3 Results and discussion

3.1 Datasets

Phosphoproteomics data. We use two independent public quantitative MS-based phospho-proteomics datasets obtained from BC Patient-Derived Xenografts (PDX).

  • Huang et al. data: Huang et al. (2017) used isobaric tags for relative and absolute quantification (iTRAQ) to identify 56 874 phosphosites in 24 BC PDX models. The clinically determined subtypes for the samples in this dataset are Basal for 10 samples, Luminal for 9 samples and HER2-enriched for 5 samples. We remove phosphosites with missing intensity values in any sample. This results in intensity data for 15 780 phosphosites from 4539 proteins, where 13 840 serines, 2280 threonines and 67 tyrosines are phosphorylated. Protein expression data for all of these samples are also available.

  • Mertin et al. data: The NCI Clinical Proteomic Tumor Analysis Consortium conducted an extensive MS-based phospho-proteomics of TCGA BC samples (Mertins et al., 2016). After selecting the subset of samples that have the highest coverage and filtering the phosphosites with missing intensity values in those tumors, the remaining data contained intensity values for 11 018 phosphosites mapping to 8304 phosphoproteins in 20 tumors. This dataset contains four Basal, nine Luminal and seven HER2-enriched samples.

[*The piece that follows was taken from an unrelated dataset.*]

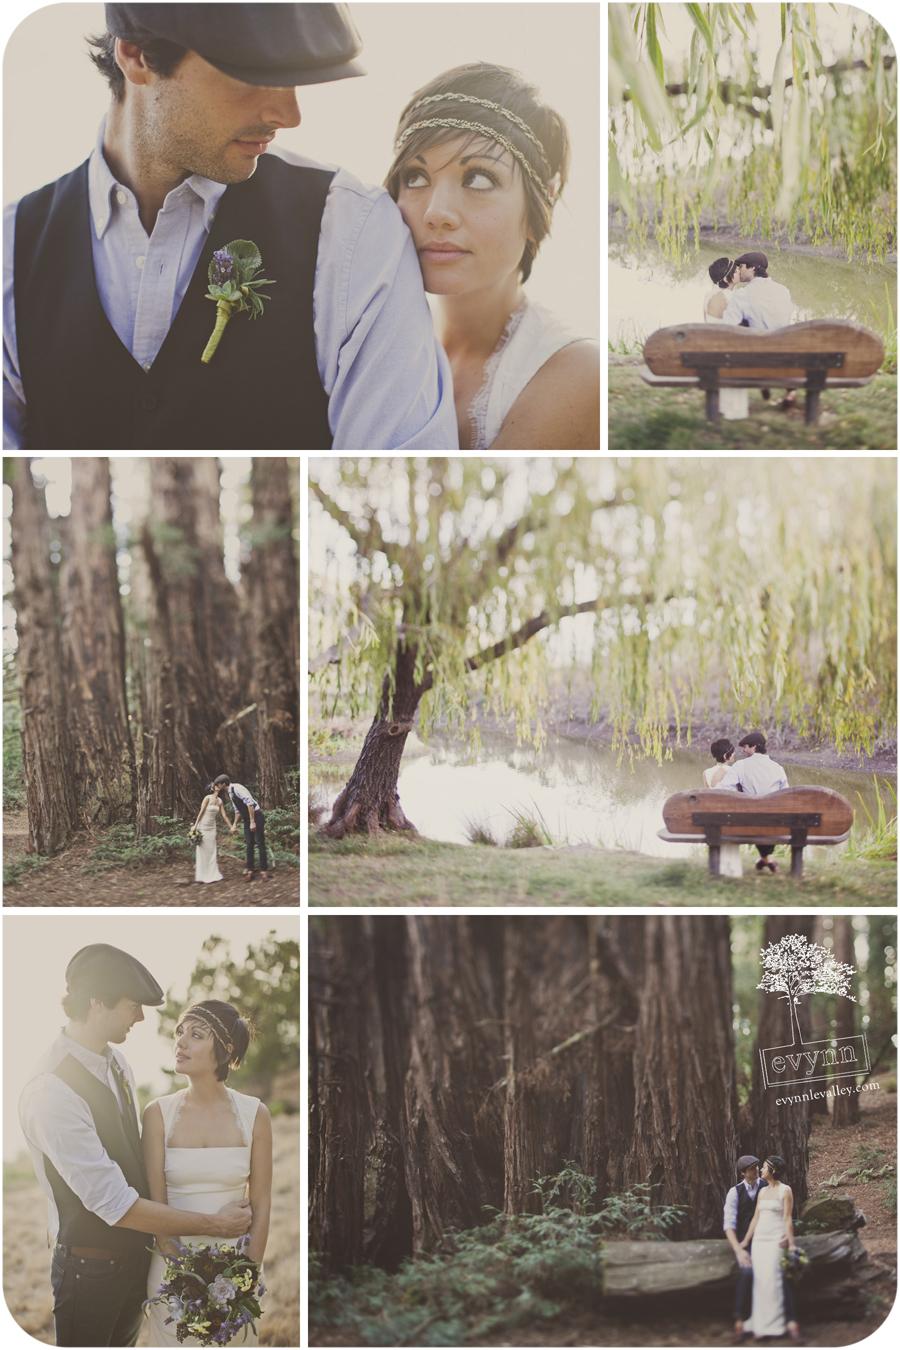 Big Sur, Post Ranch, Wedding, Elopement, Redwoods, Willow Tree, Rustic, Vintage, Couple, California

Functional, Evolutionary and Structural Association between Phosphosites (FES). We use PTMcode, a database for functional associations of post-translational modifications within and between proteins (Minguez et al., 2015). The functional association between PTM sites have been reported based on the literature survey, co-evolution of sites, structural proximity and if PTMs at the same residue and location are within PTM highly enriched protein regions. For our analysis, we just focus on the functional associations between phosphorylation sites of different proteins.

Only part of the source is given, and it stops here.